● **TASK TO CARRY OUT**
When you transcribe the lines below, keep every word the same and leave the pictures behind.

● **SUPPLIED INFORMATION**
☆ ☆ ☆

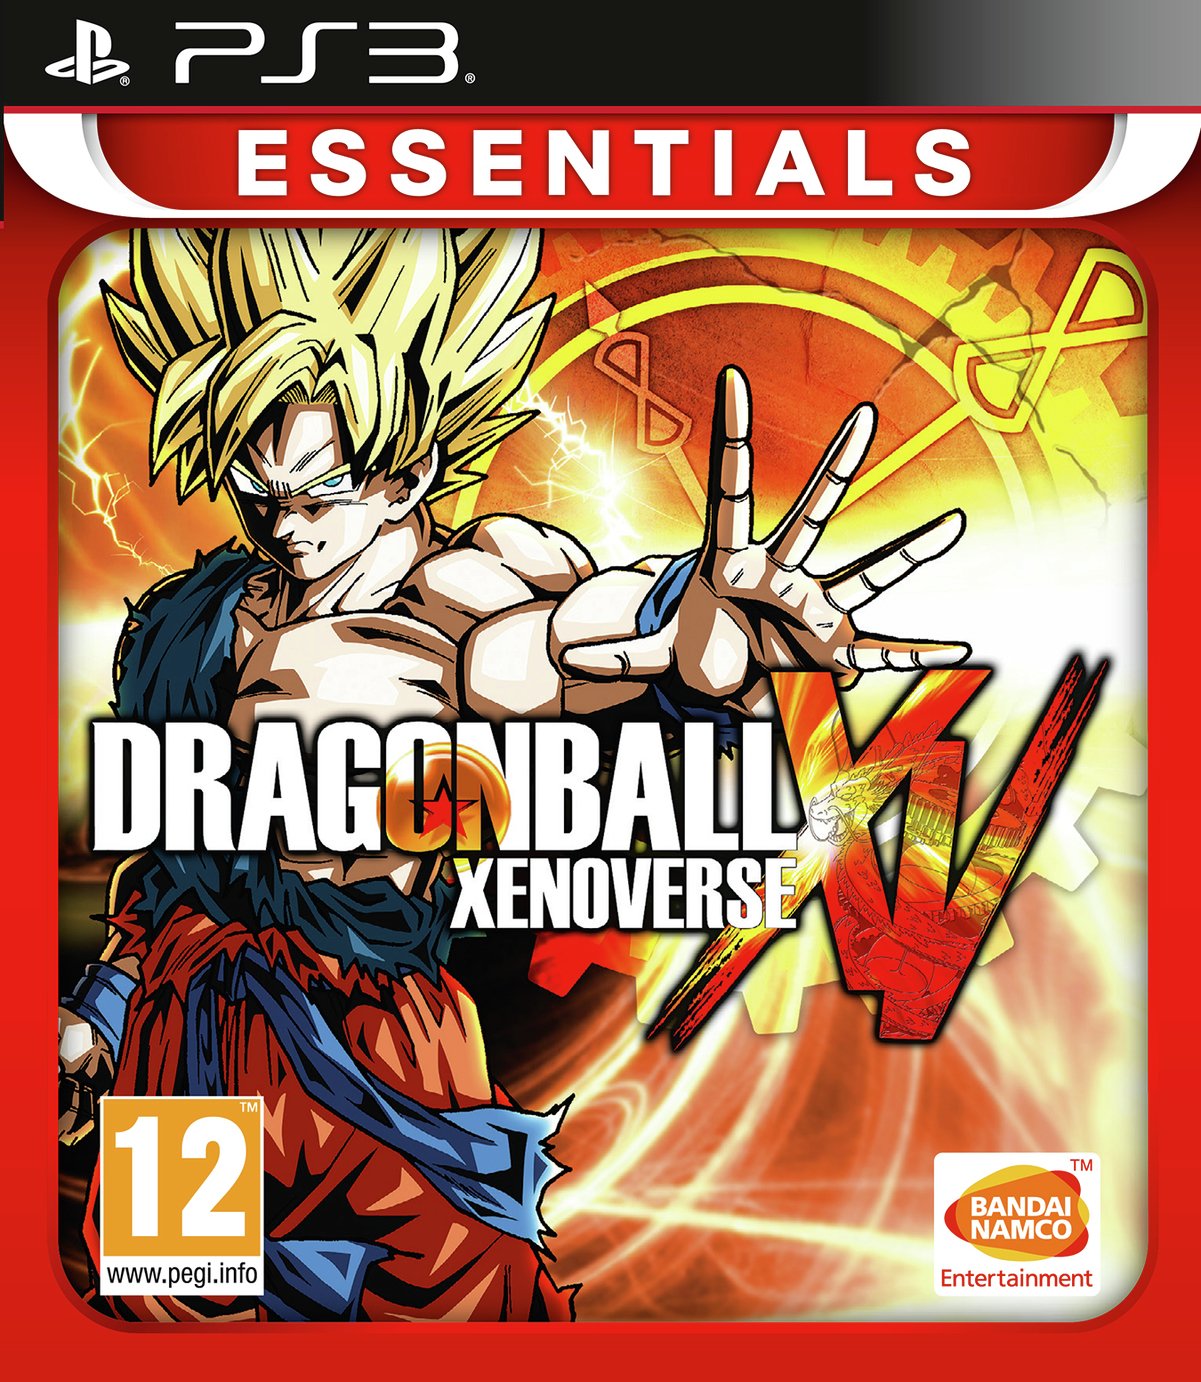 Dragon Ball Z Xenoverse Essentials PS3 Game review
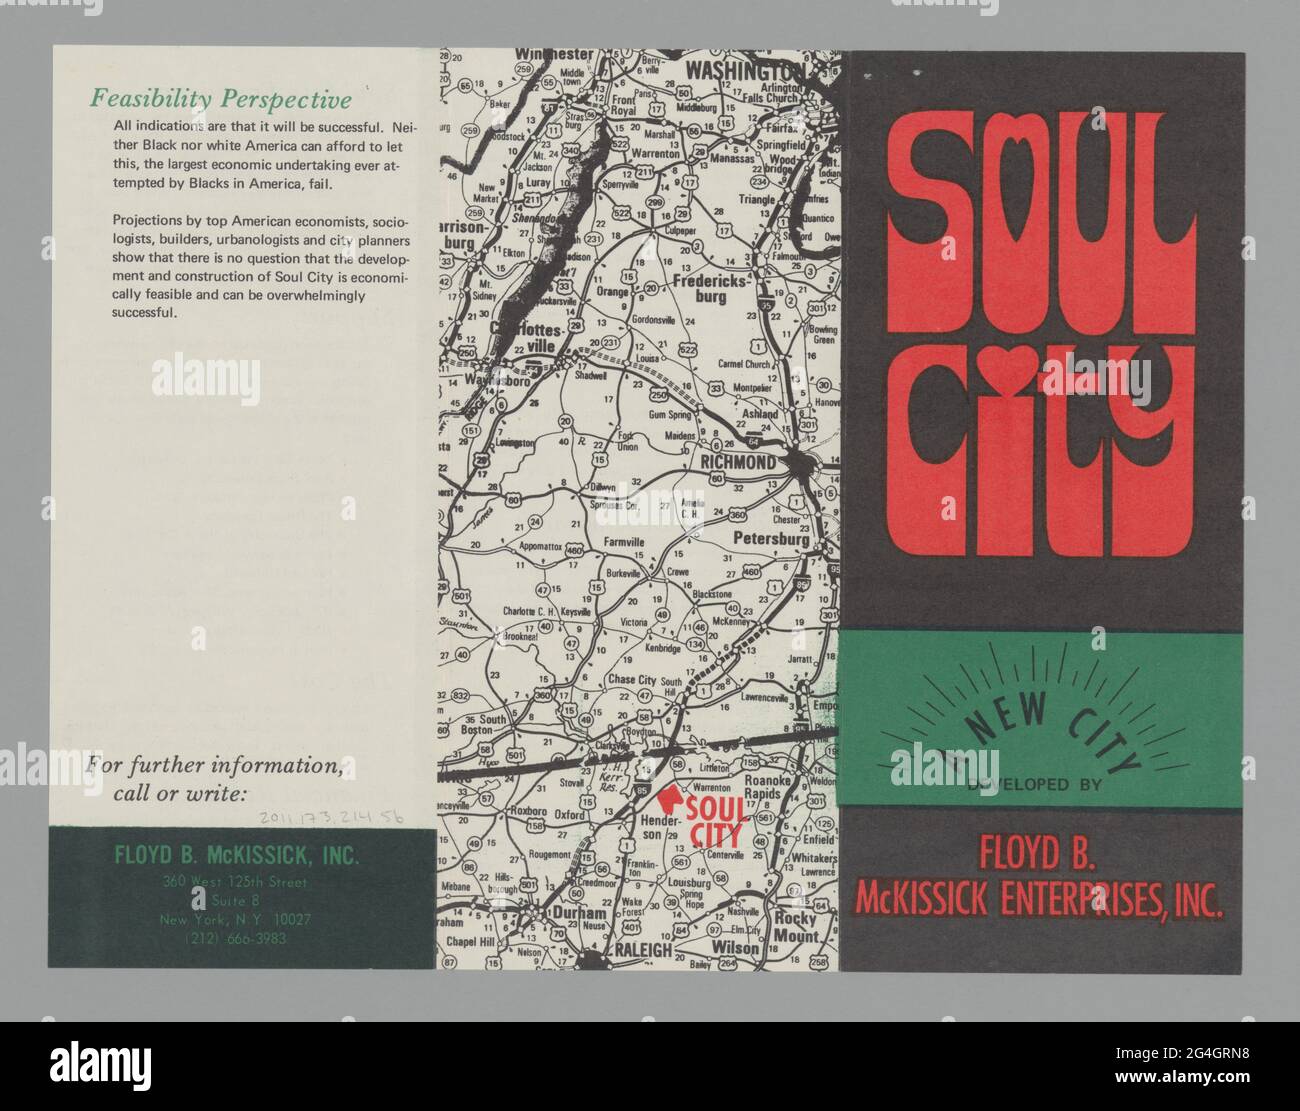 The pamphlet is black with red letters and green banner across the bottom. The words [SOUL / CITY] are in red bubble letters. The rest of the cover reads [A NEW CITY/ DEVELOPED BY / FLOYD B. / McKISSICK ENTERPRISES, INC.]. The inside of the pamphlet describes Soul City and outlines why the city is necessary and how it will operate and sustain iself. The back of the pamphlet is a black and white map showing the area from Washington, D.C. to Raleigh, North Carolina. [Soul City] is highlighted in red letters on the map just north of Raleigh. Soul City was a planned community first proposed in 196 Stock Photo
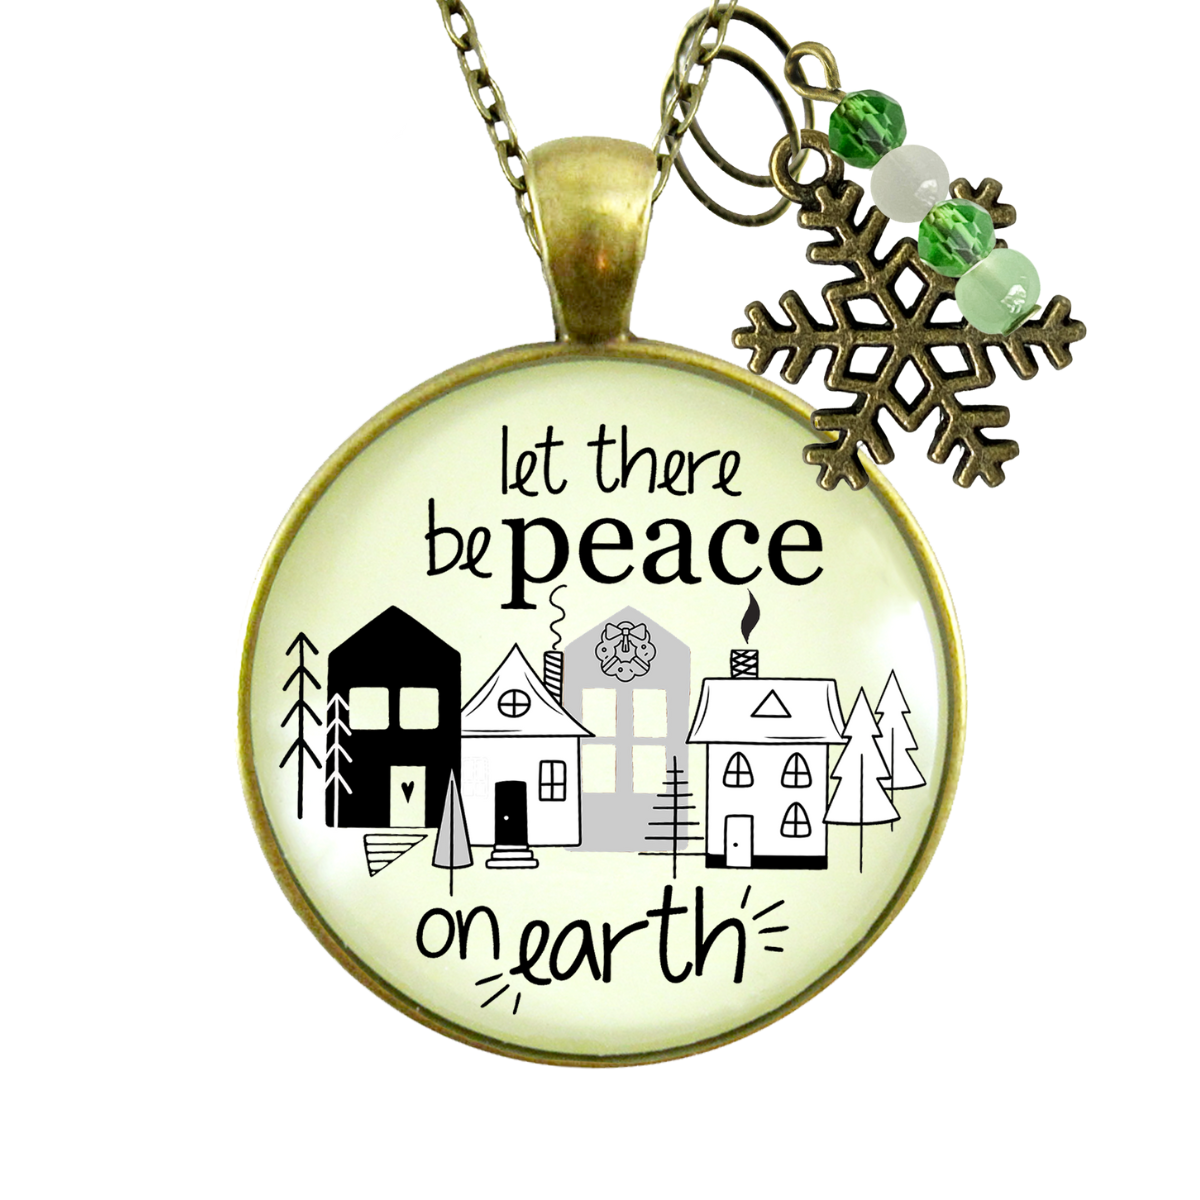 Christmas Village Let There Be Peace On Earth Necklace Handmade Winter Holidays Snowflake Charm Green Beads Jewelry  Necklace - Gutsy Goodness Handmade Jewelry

☆ ☆ ☆

● **SOLUTION TO THE EXERCISE**
 Dragon Ball Z Xenoverse Essentials PS3 Game review
 The pamphlet is black with red letters and green banner across the bottom. The words [SOUL / CITY] are in red bubble letters. The rest of the cover reads [A NEW CITY/ DEVELOPED BY / FLOYD B. / McKISSICK ENTERPRISES, INC.]. The inside of the pamphlet describes Soul City and outlines why the city is necessary and how it will operate and sustain iself. The back of the pamphlet is a black and white map showing the area from Washington, D.C. to Raleigh, North Carolina. [Soul City] is highlighted in red letters on the map just north of Raleigh. Soul City was a planned community first proposed in 196 Stock Photo
 Christmas Village Let There Be Peace On Earth Necklace Handmade Winter Holidays Snowflake Charm Green Beads Jewelry  Necklace - Gutsy Goodness Handmade Jewelry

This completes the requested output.